Mercer
Hopewell Township

Eames Preserve
Hopewell Township, NJ 08525

Overview of Selected Trail

This trail is a long narrow loop through open woods and one field. It borders on a pretty part of Woodsville Brook and winds through a mature groove of beech trees.  Along the way there are signs of previous habitation and use of the land as a farm with several outbuildings.

Trail Map
Summary
Full Desc
Flora & Fauna
History
Photos/Videos
  • Eames Preserve
  • Distance:

    1.6 miles

    Time:

    1.5 hours

    Markings:

    Painted white diamonds on trees

    Trail Usage:

    Walking/Hiking, Dogs permitted on leash

    Elevation:

    Gradual fifty foot change in elevation

    Difficulty:

    Easy. Downhill to the end of the loop, uphill on the way back.

    Parking:

    There is parking for 3 cars.

    Tips:

    This trail can be wet in the spring.

    Amenities:

    Directions:

    From Route 31, 2 miles north of Pennington, turn west onto Marshalls Corner-Woodsville Road. In .9 miles turn left onto Harbourton Woodsville Road. In .8 miles turn right into an old driveway/road at #43.  Park in front of the chain.

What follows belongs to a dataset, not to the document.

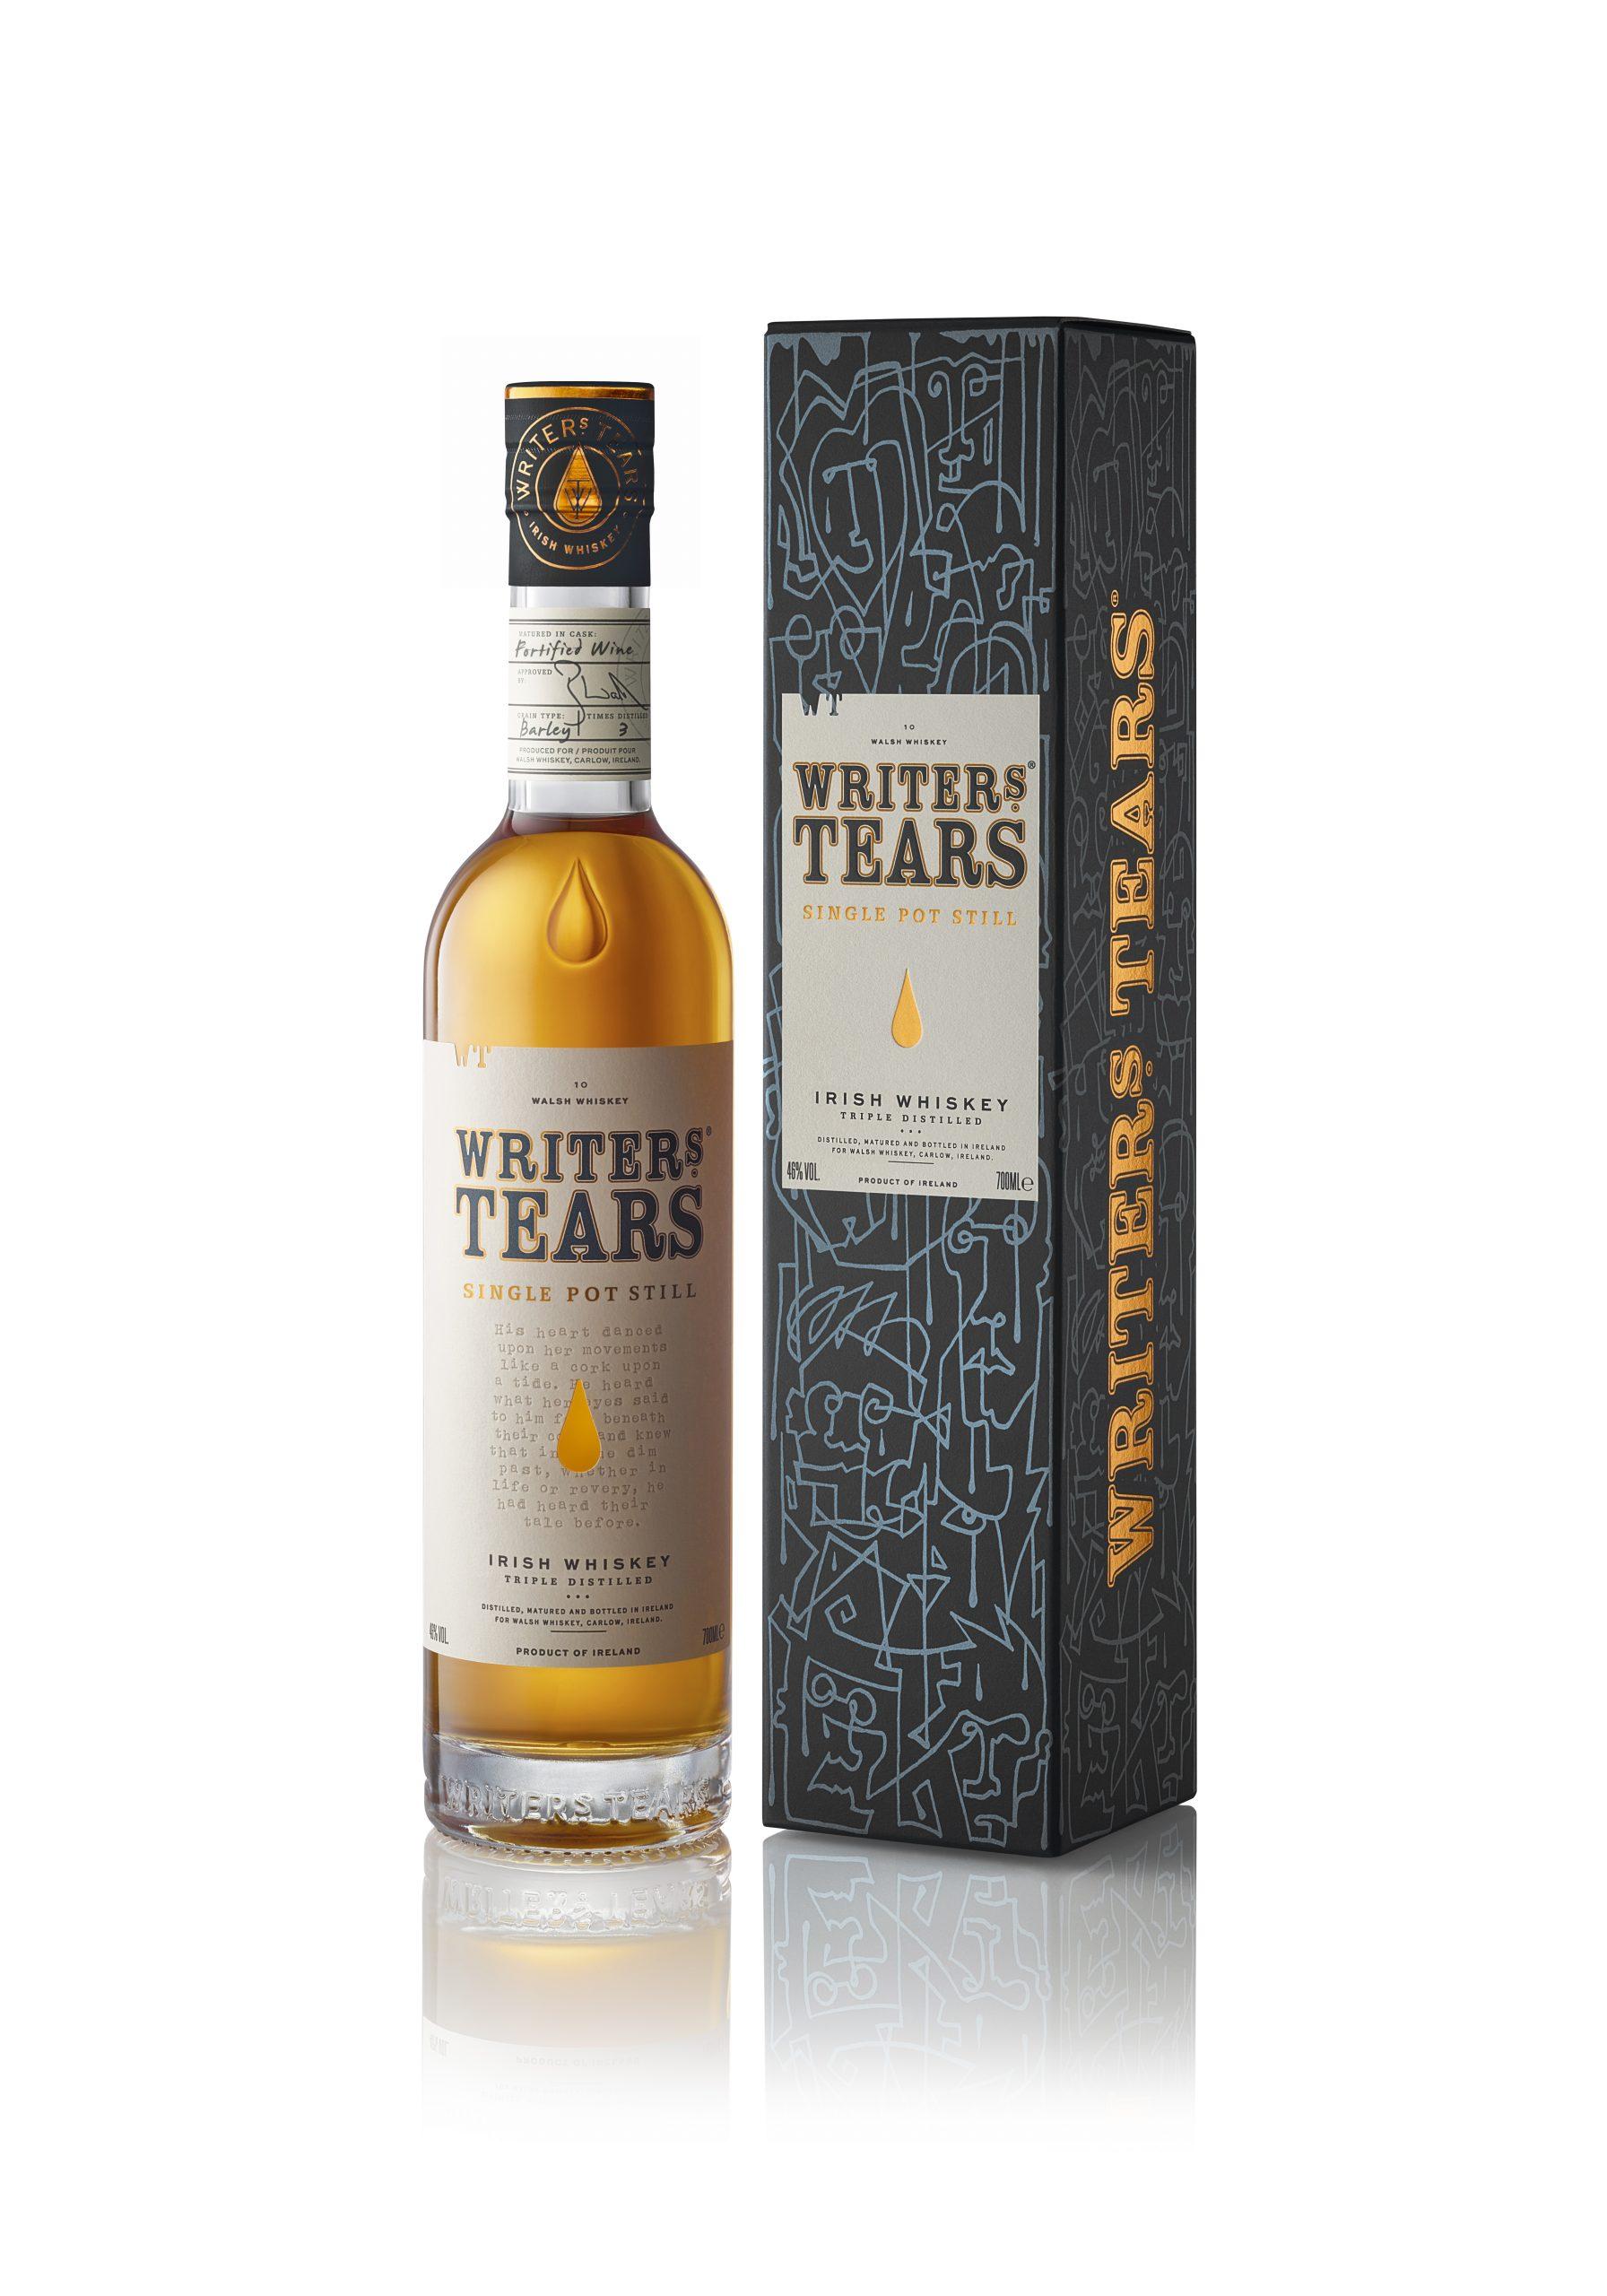 Writers Tears Single Pot Still Pedro Ximenez Marsala Cask Irish Whiskey Blogger Stuart Mcnamara

  • The first section of the trail follows an old road as it passes the former site of a house and outbuildings on the western side of the trail. There is Vinca (myrtle) growing around the larger trees that line the driveway. The woods are very open with red maple, white ash, some large black cherry trees, sassafras, tulip poplar and hickory. There are scattered stands of dying red cedar indicating that this was once an open field. Listen for towhee and thrush song in high summer.  Japanese stilt grass covers the ground throughout this part of the woods. Look for standing dead trees (den trees) with signs of woodpecker holes that have been enlarged by the inhabitants (flying squirrels, grey squirrels)

    As the trail levels off and crosses a culvert, look for a change in the make up of the woods on the west side of the trail. Suddenly there is a large stand of hornbeam, hickory and ash with no undergrowth on the ground. The trail continues through a stand of American beech. Leaving the road, the trail swings to the west at the end of the meadow. The path follows a delightful meander of Woodsville Brook, skirts a slough filled with skunk cabbage and begins to climb back toward the south through more American beech.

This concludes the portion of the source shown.